Nikkei 225 in rialzo oggi: perché i guadagni potrebbero essere di breve durata

Nikkei 225 in rialzo oggi: perché i guadagni potrebbero essere di breve durata
Crispus Nyaga
25 mar 2026, 05:08 AM
  • Il Nikkei 225 è salito di oltre il 2% mercoledì.
  • Trump ha lasciato intendere che Iran e Stati Uniti fossero in contatto.
  • Tuttavia, l'Iran ha smentito tali affermazioni, sostenendo di trovarsi in una posizione di vantaggio.

Le azioni giapponesi sono rimbalzate mercoledì, seguendo altri mercati azionari globali. Il Nikkei 225 è salito del 2,6%, in aumento del 5,5% rispetto al minimo registrato questa settimana. Quindi, questi guadagni continueranno?

Il rally del Nikkei 225 affronta un rischio significativo 

L'indice Nikkei è salito, rispecchiando l'andamento dei futures americani, con quelli legati al Dow Jones e al Nasdaq 100 in aumento di oltre 340 e 130 punti, rispettivamente. 

Anche altri principali indici sono saliti, con il DAX in progresso di 210 punti e il KOSPI in rialzo di oltre il 2%. Sono saliti anche indici come CAX 40, Hang Seng e China A50.

Il rialzo si verifica dopo che il presidente Donald Trump ha annunciato che i colloqui tra gli Stati Uniti e l'Iran proseguivano. Ha inoltre aggiunto che l'Iran ha inviato agli USA un significativo dono legato al petrolio.

Un accordo tra Stati Uniti e Iran sarebbe fortemente rialzista, dato che il Giappone dipende principalmente dalle importazioni di petrolio greggio e gas dal Medio Oriente.

Tuttavia, vi sono timori che l'ottimismo possa essere di breve durata, poiché l'Iran ha smentito i resoconti sui colloqui con gli Stati Uniti.

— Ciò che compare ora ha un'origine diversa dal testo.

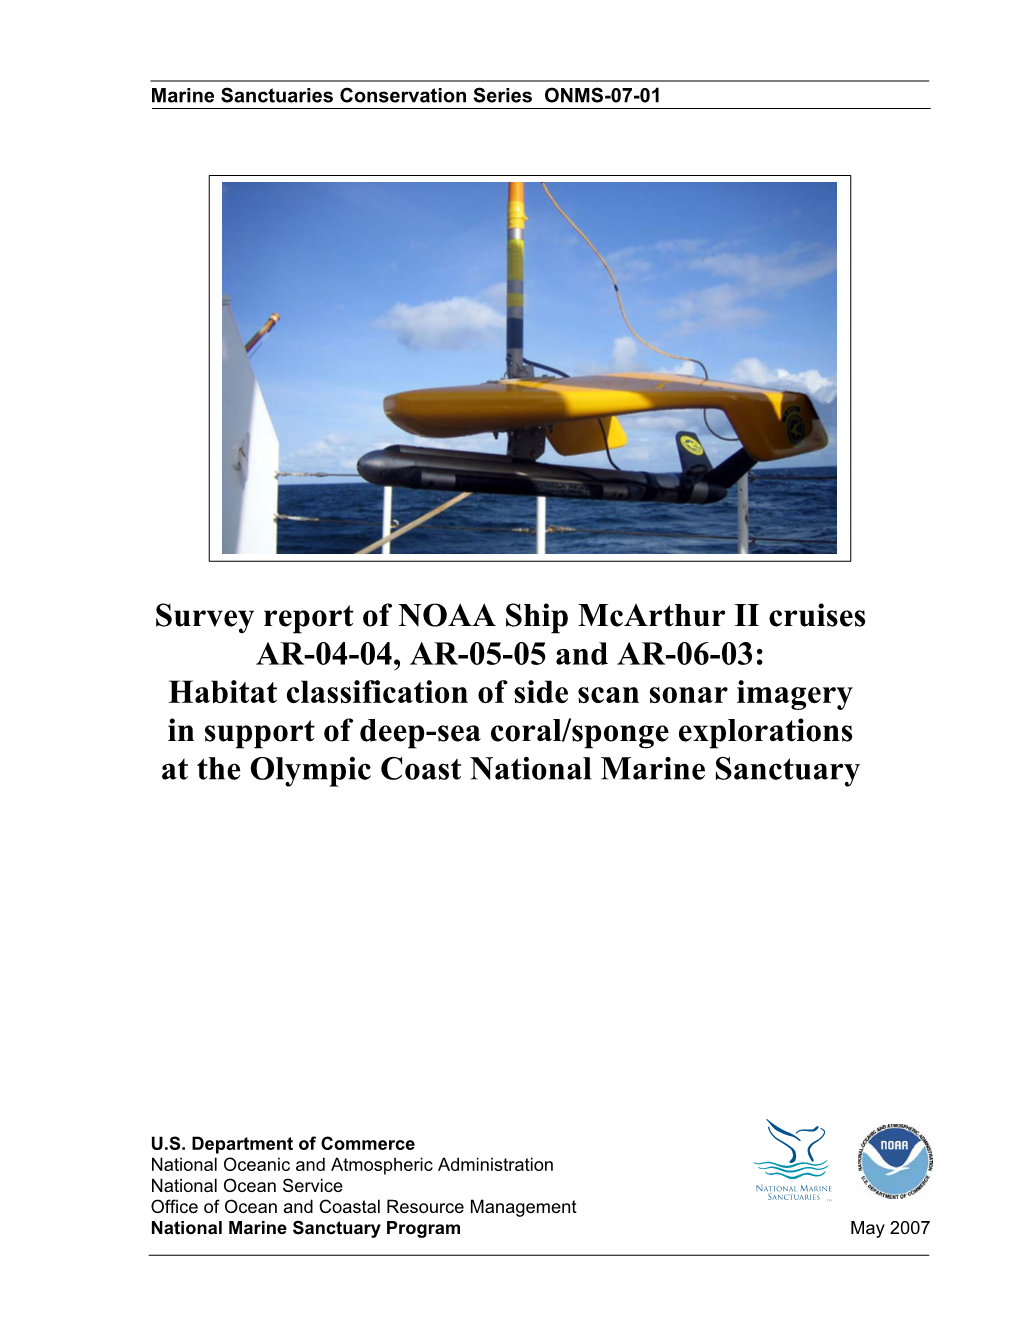 Survey Report of NOAA Ship Mcarthur II Cruises AR-04-04, AR-05

Funzionari iraniani hanno sostenuto che il post iniziale di Trump di lunedì mirava a sostenere il mercato azionario e abbassare i prezzi dell'energia.

L'Iran ritiene di avere un vantaggio nel conflitto in corso grazie al controllo dello Stretto di Hormuz. Chiudendo lo Stretto il Paese ha spinto i prezzi dell'energia verso l'alto. In una dichiarazione mercoledì, il vertice di Chevron ha avvertito che la California rischia una grave crisi energetica perché il 20% dei suoi carburanti proviene dai mercati asiatici. 

Inoltre, è probabile che l'Iran non accetti le condizioni imposte dagli Stati Uniti. Secondo il New York Times, l'amministrazione Trump ha messo a punto un piano in 15 punti che l'Iran non accetterà. Per esempio, il piano chiede all'Iran di cessare il finanziamento dei proxy, porre fine al suo programma di missili balistici e consegnare il proprio uranio arricchito.

L'Iran ritiene inoltre che gli USA possano utilizzare i colloqui per posticipare un'invasione terrestre nel Paese, mentre migliaia di truppe si dirigono verso la regione. Di conseguenza, è probabile che la guerra prosegua per un periodo, con un aumento dei prezzi del petrolio nel tempo.

La maggior parte delle azioni giapponesi era in territorio positivo mercoledì. Il titolo Tokio Marine è salito del 12% dopo che Berkshire Hathaway di Warren Buffett ha acquistato azioni della società.

Furukawa Electric, Ebara Corporation, Softbank, Fujikura, Sumitomo Electric Industries e SUMCO sono stati i maggiori rialzi, con guadagni oltre il 6%. 

D'altro canto, i maggiori ribassi nel Nikkei 225 sono stati registrati da società come Nomura Research Institute, Recruit Holdings, BayCurrent, Inpex e Konami Group, che hanno perso oltre l'1,1%.

Analisi tecnica dell'indice Nikkei 

Grafico dell'indice Nikkei | Fonte: TradingView 

Il grafico giornaliero mostra che il Nikkei 225 si è ripreso negli ultimi giorni. È salito da un minimo di ¥50.557 all'attuale ¥53.600.

Tuttavia, l'indice resta al di sotto della media mobile esponenziale (EMA) a 50 giorni. L'indicatore Supertrend è rimasto in rosso, mentre il Relative Strength Index (RSI) e il Percentage Price Oscillator (PPO) hanno continuato a scendere.

Pertanto, è probabile che l'indice rimanga in tensione nel breve termine. In tal caso, è probabile che si ritiri e ritesti il livello di supporto a ¥50.557.